Wednesday, November 4, 2009

Miscellany on a tired day

Why do the people of a state vote about whether two people can get married? This is one of those ponderous questions that keep me up at night. It's not like anyone is talking about group marriage, although, frankly, in this day of disintegrating extended families, I can see a place even for a group of people commiting to share living quarters, financial resources, and time. The only reason that there are referenda on the marriage question is that the two people involved are of the same gender. So? I often feel that I would like to have a wife, not because my intimate preferences lean that way, but because in my current living situation, I cannot seem to juggle all the hats that have been thrown my way, and it would be nice to have someone I know, care about, and can rely on, to be at home keeping house and handling some of the child care responsibilities. Of course, given my current living situation, we are edging closer to that group marriage thing. Ah, if only I could afford an au pair.

Domestic partnership in the public sector! Leave marriage as a religious sacrament, subject to religious canons. If a same-sex couple wants to commit, let them. They are not asking everyone into their bedroom. If they want to be married, they should join a religious community that accepts same-sex marriage. If two people want to dissolve their partnership, homosexual or heterosexual, they should get a divorce. There! Problem solved! Now, let's move on.....

Chris Christie was elected governor. I don't much care for Jon Corzine, but I dread having Crispie at the helm. I just hope the legislature has the will to keep him in check. I really don't want to have to start wearing a burka, literally or figuratively.


The priest who celebrated at church this week used the phrase "God of our fathers (stop)", as if our mothers didn't (and still don't) count. I was criticized for pointing this out, for being too sensitive, but it's easy for men to call women overly sensitive about being ignored. I expect non-whites have the same or similar feelings. A student of theology once commented that goddess-worship, or, as I prefer, acknowledging the divine within the feminine, was a step backward. I disagree, plain and simple. To me, if I believe that the Holy Spirit is in all the people, and that all Christians are called to ministry, then it is completely inappropriate to engender God as solely male.

In an interesting juxtaposition, I watched "Sicko" last night on TV. MM has a tendency to kill the horse, and then stand over it and beat on it vigorously, but under the overblown rhetoric, he is generally making a valid point. Why does this country not have public health care? We have Social Security, so why not a national health service? I just don't get it, and I never have. No one has ever come close to convincing me that medicine is better handled in the private sector.

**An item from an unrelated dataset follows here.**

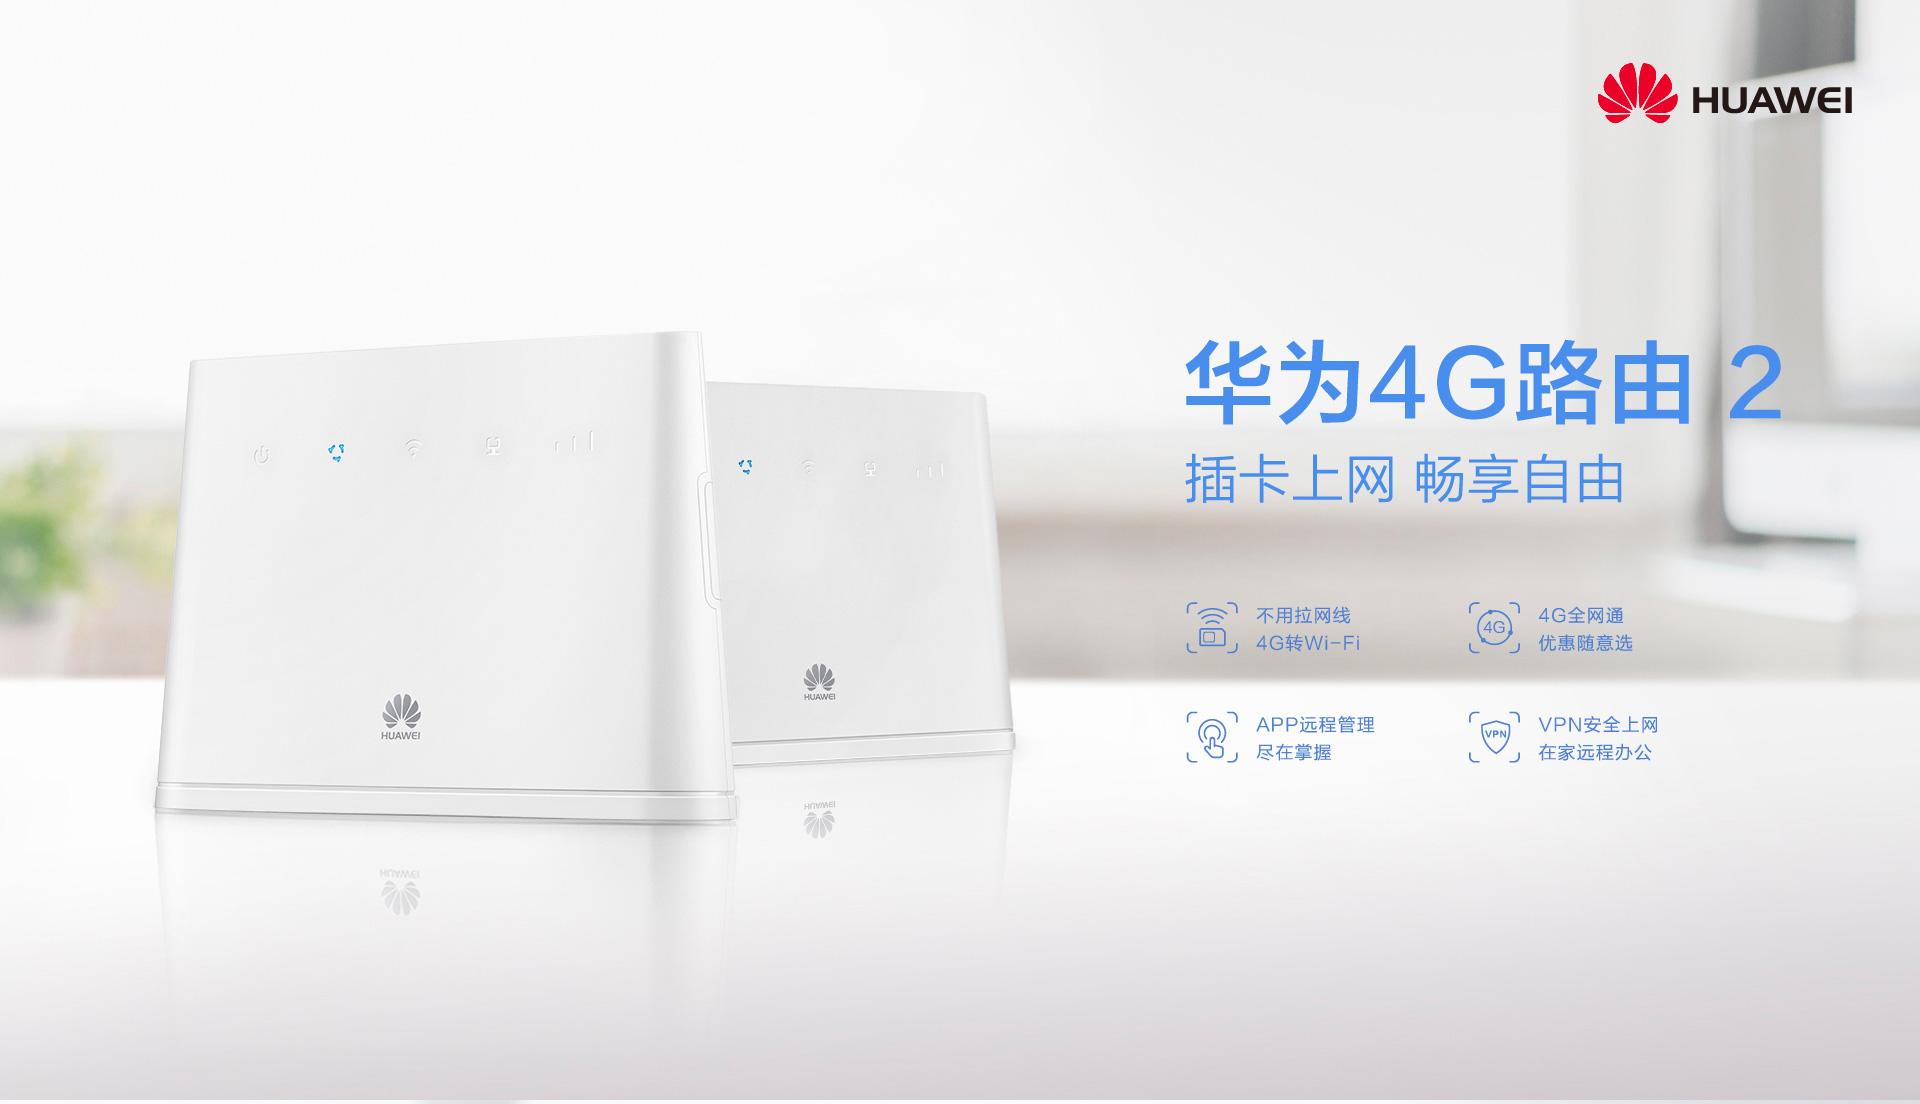 【新品首发预售】华为4G路由2

If everyone with a job paid as much for a national health service as an average health care premium deduction, it could work. One of the biggest failings of the Social Security Administration is that only the working poor and middle class pay for virtually the whole thing. The salary cap should be abolished with people making hundreds of thousands of dollars (even millions) paying a percentage on their whole salary. Major windfall for the system. Likewise, a national health service should have no salary cap. I'm tired of wildly overpaid executives, politicians, attorneys, celebrities griping about their taxes.

It's getting late, and I'm feeling discouraged. Down with Republicans! Down with Democrats! Government of the people, by the people, FOR the people!